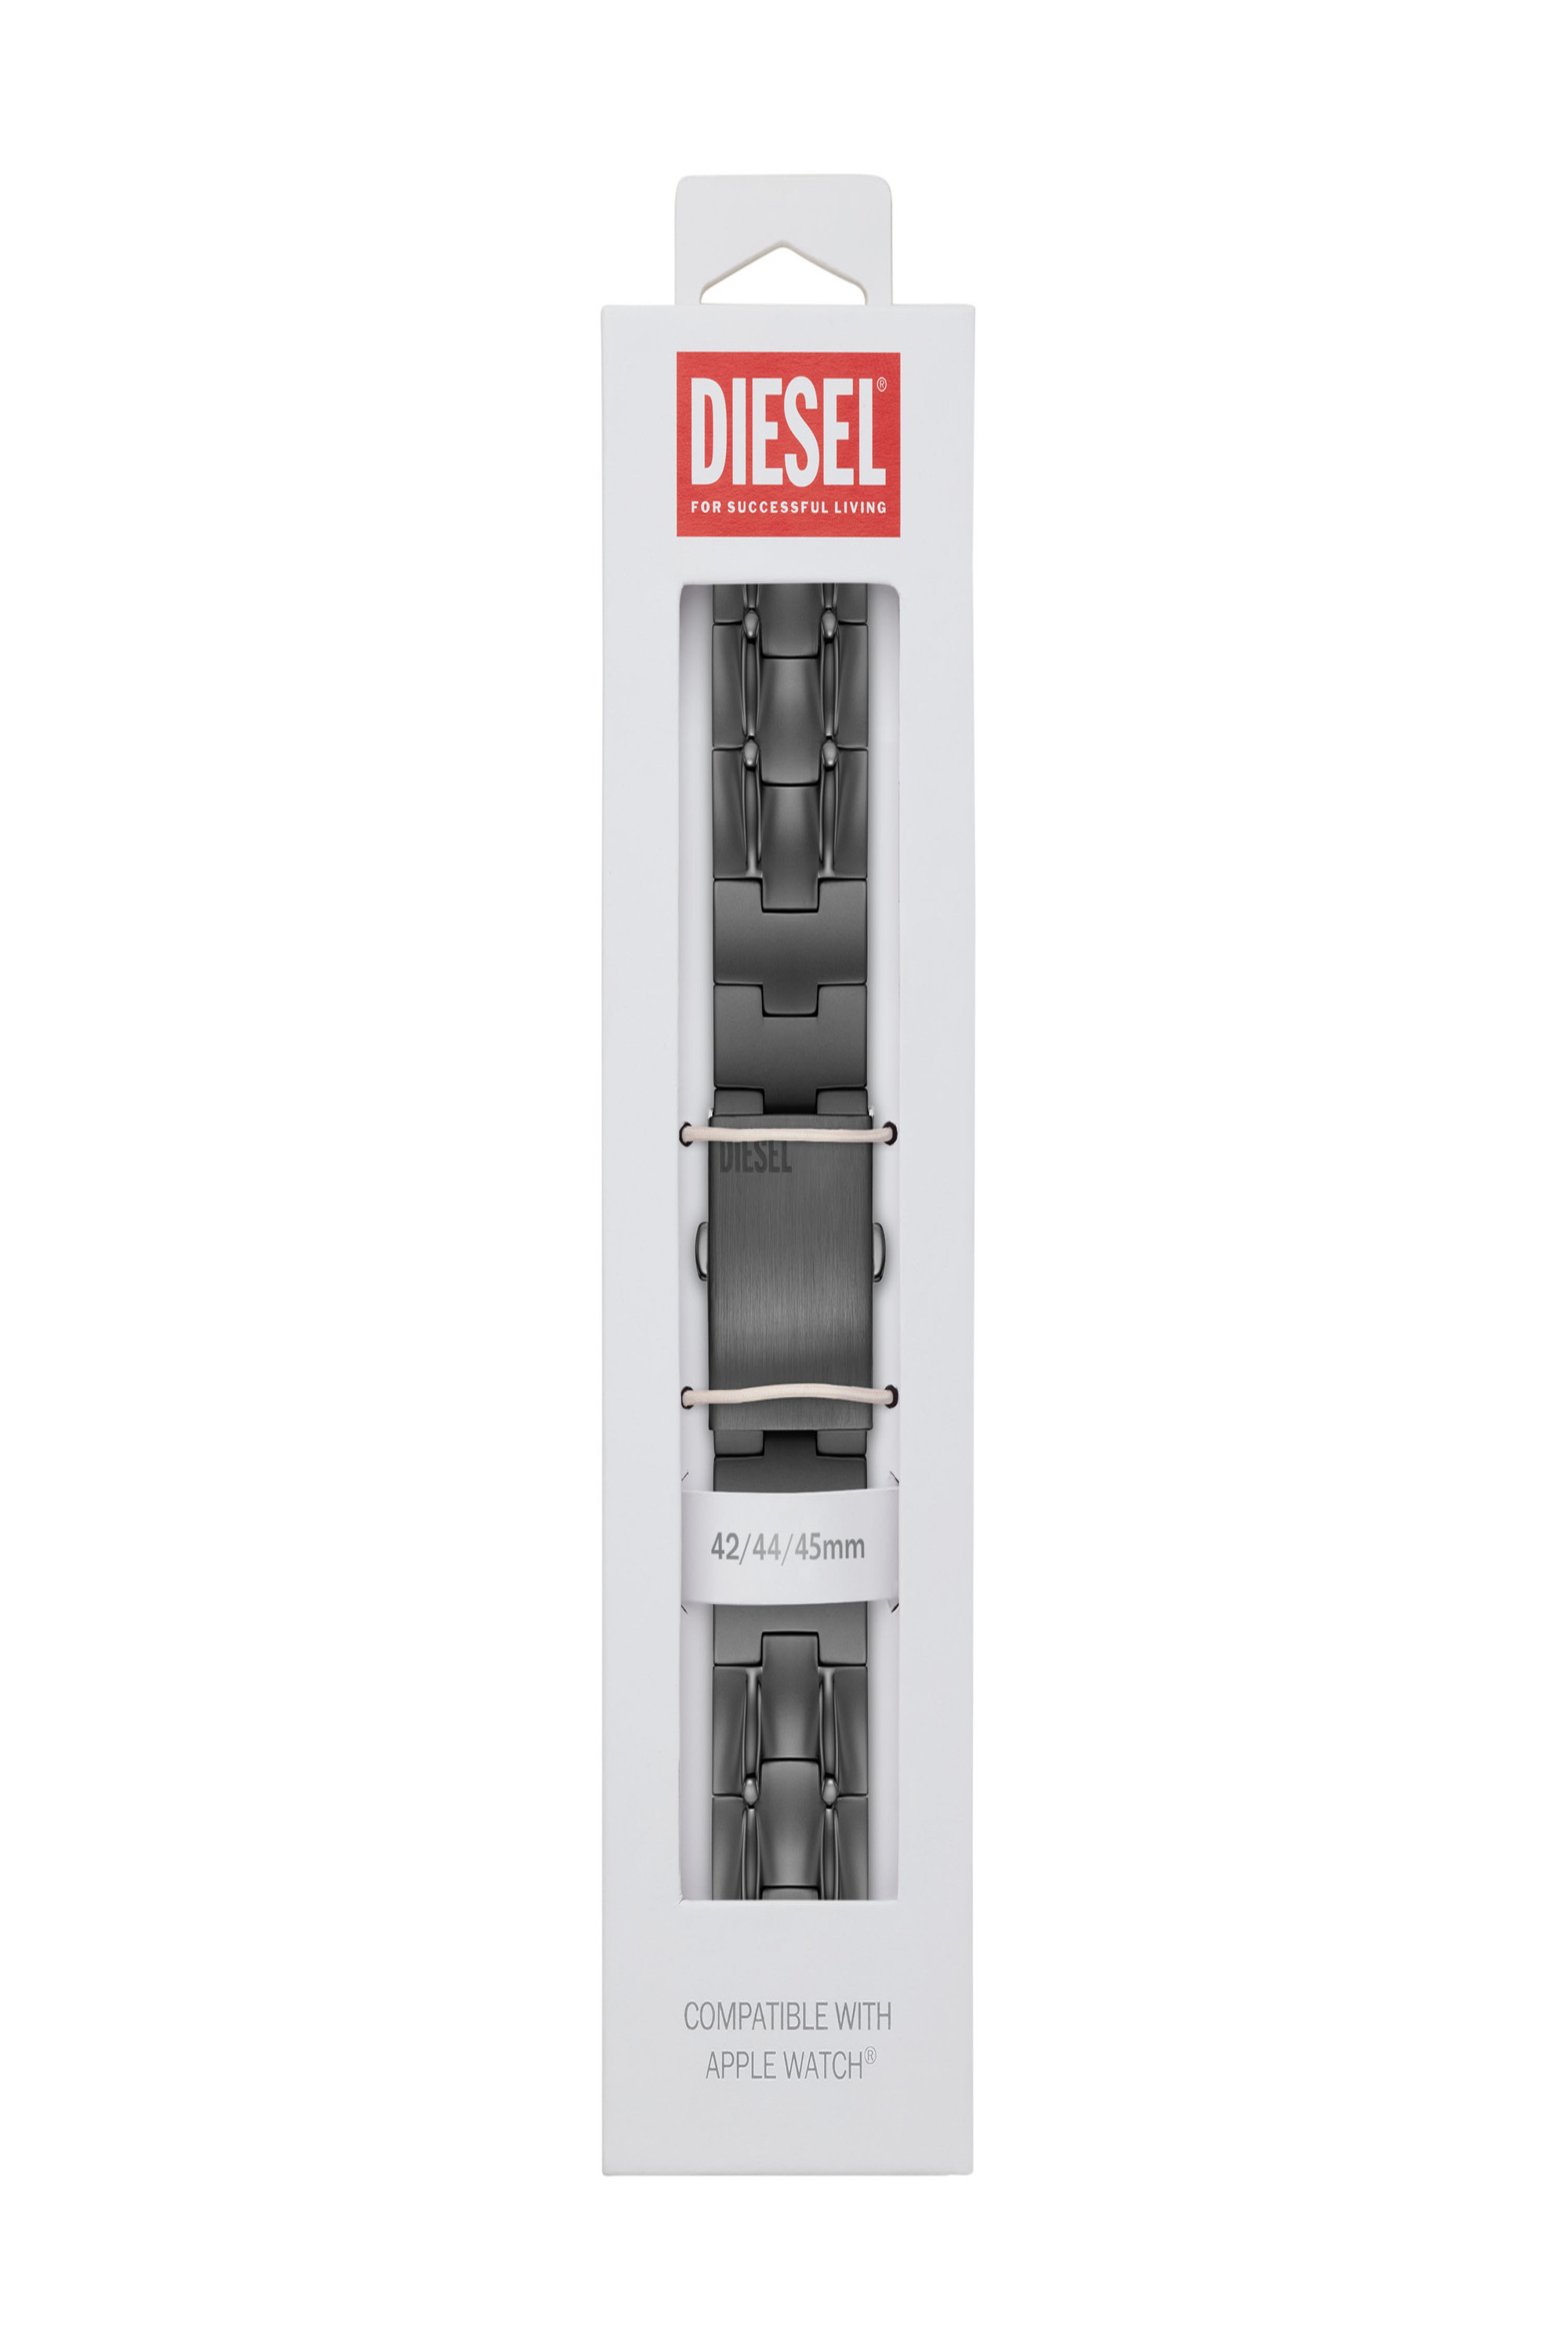 Diesel - DSS0015, Gris - Image 2
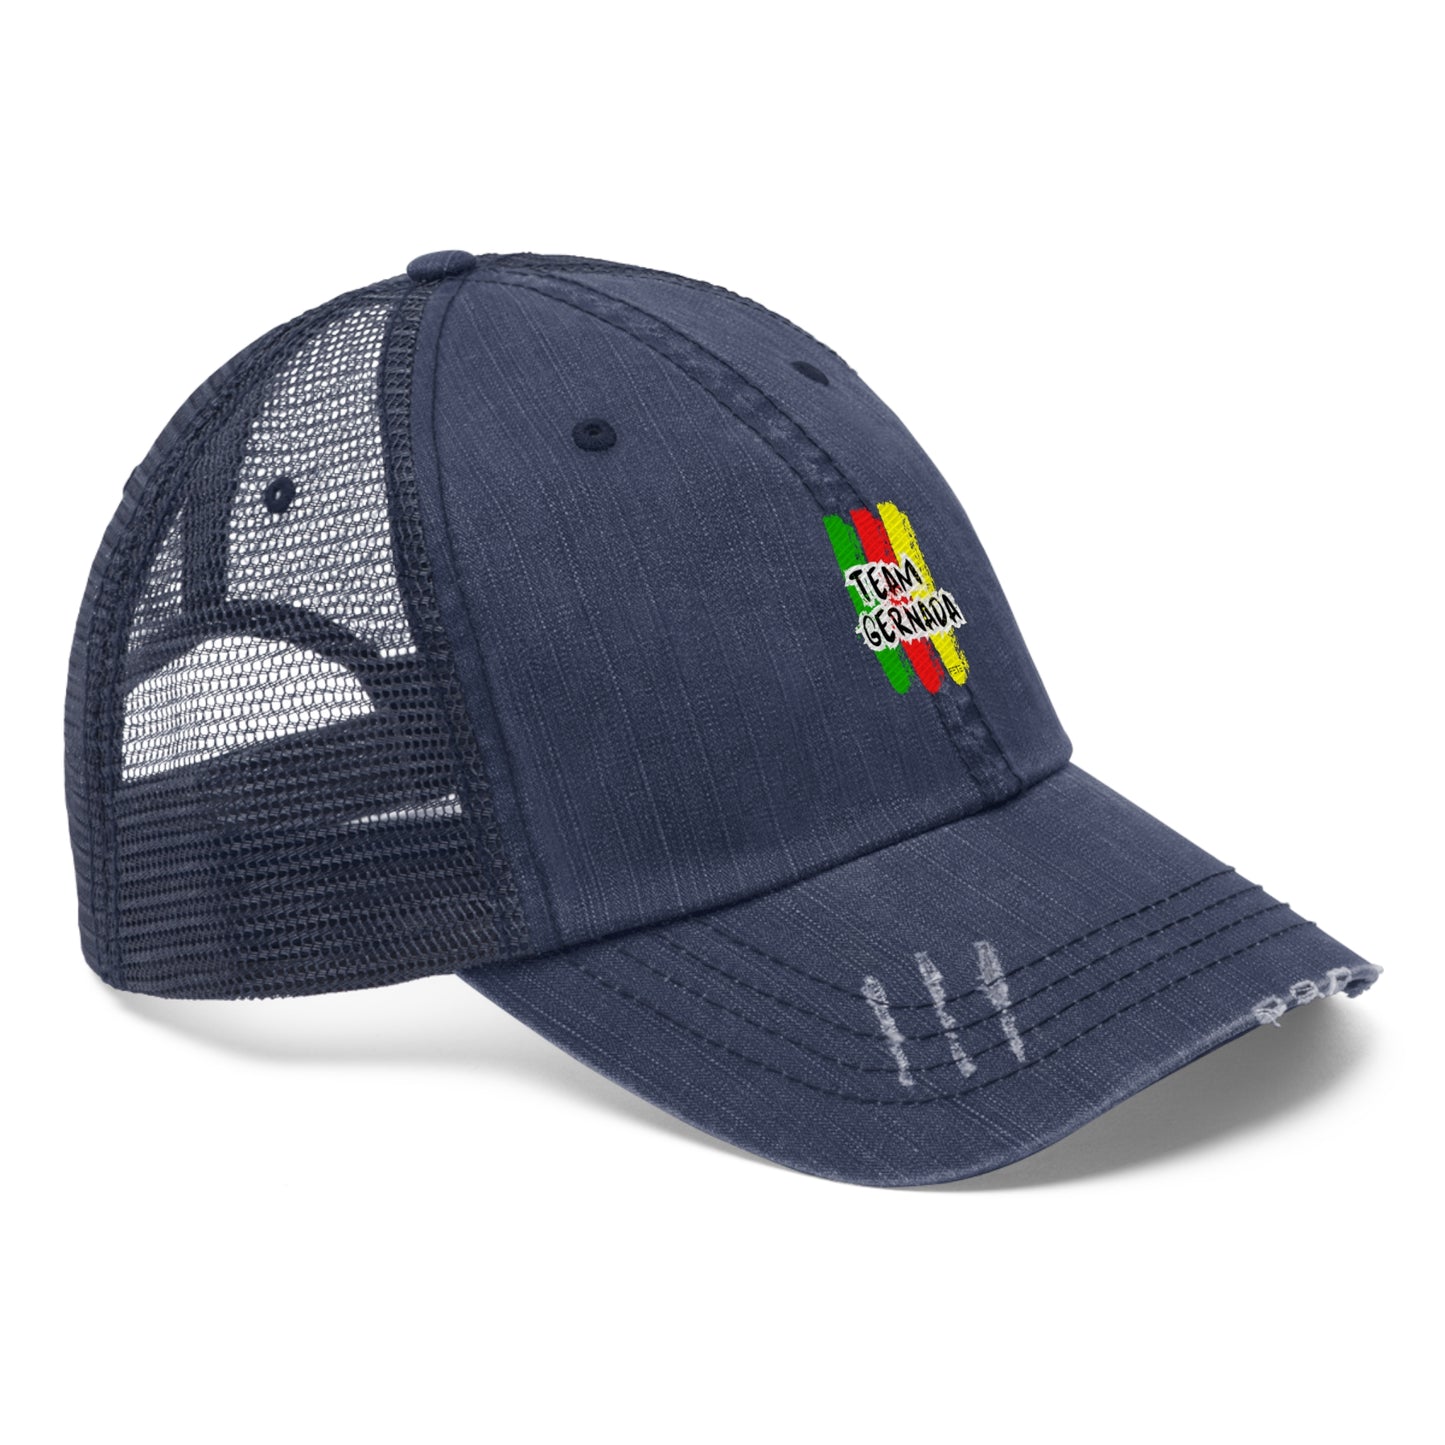 Team Grenada Trucker Hat
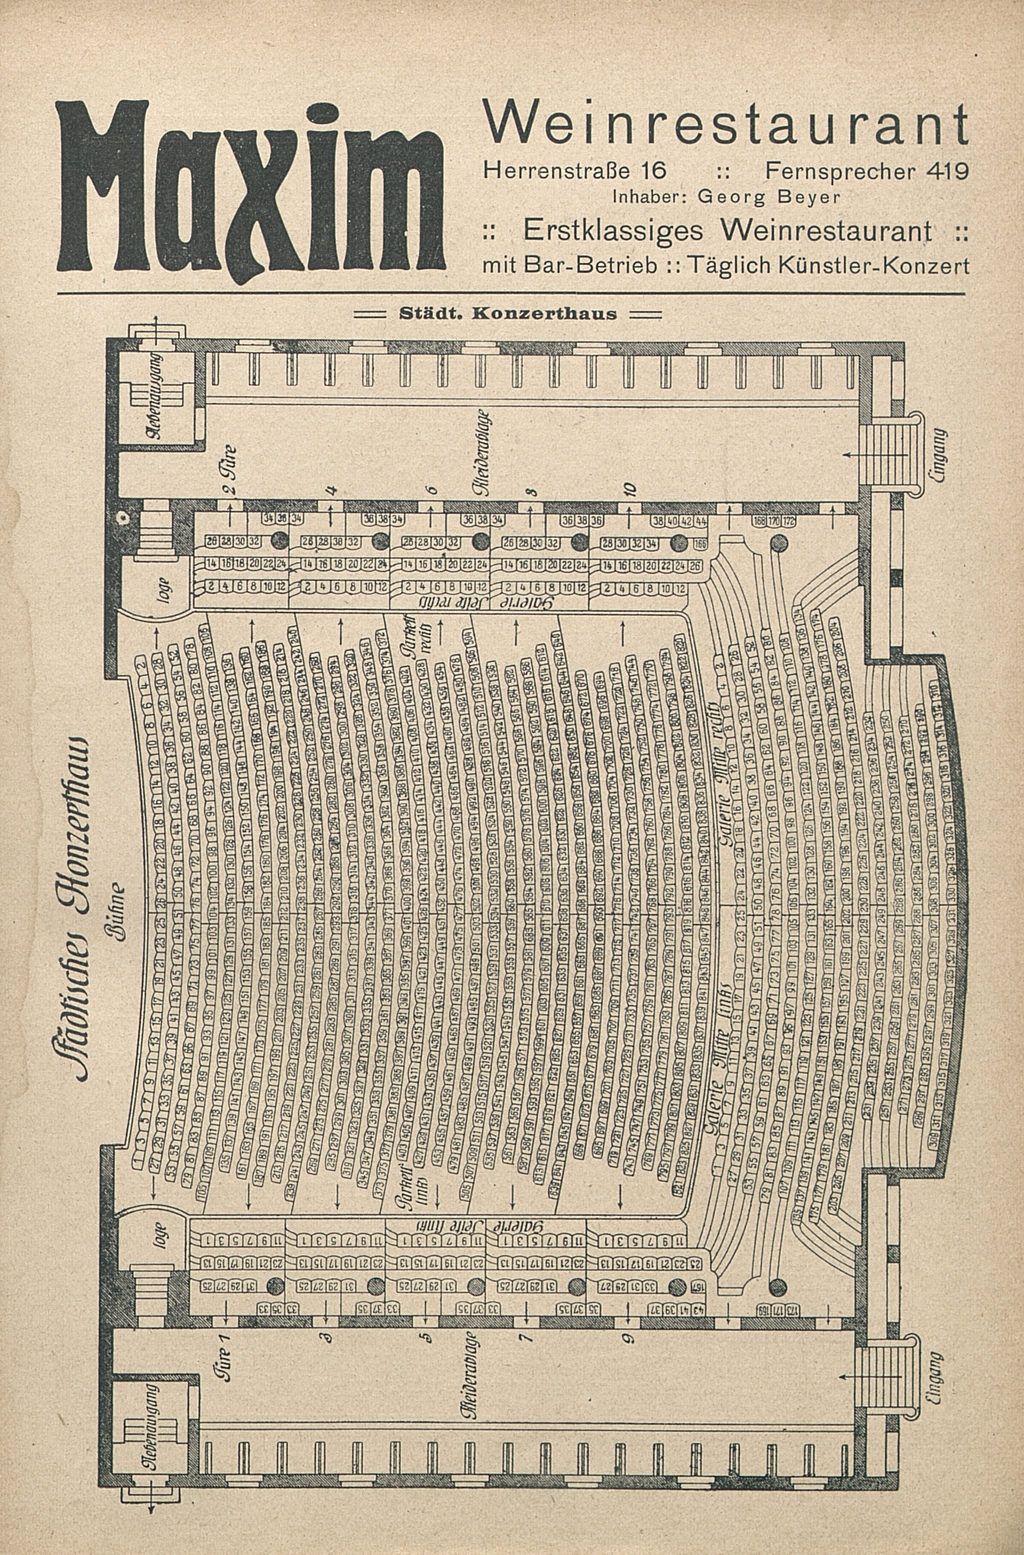 Zu sehen ist der Sitzplan des Städtischen Konzerthauses Karlsruhe 1918.
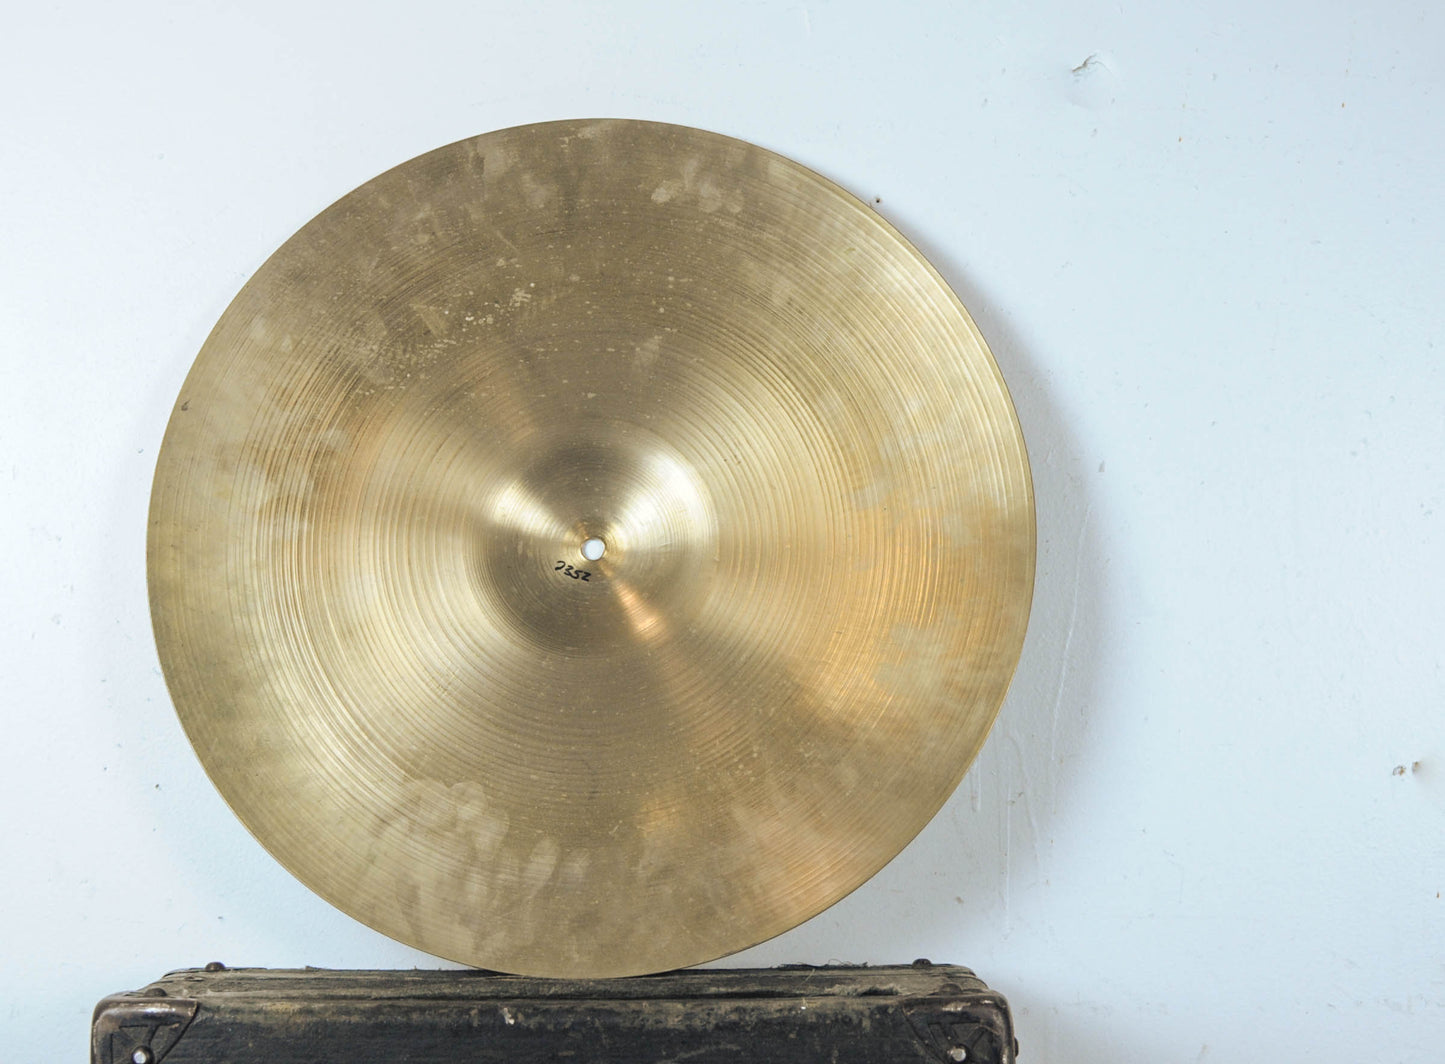 1960s Zildjian A 20" Ride Cymbal 2352g

● **Work task**
The required output is every line from the one containing "Zu sehen ist" through the last line of the data above, restated exactly and without pictures.

● **Written response**
 Zu sehen ist der Sitzplan des Städtischen Konzerthauses Karlsruhe 1918.
 1960s Zildjian A 20" Ride Cymbal 2352g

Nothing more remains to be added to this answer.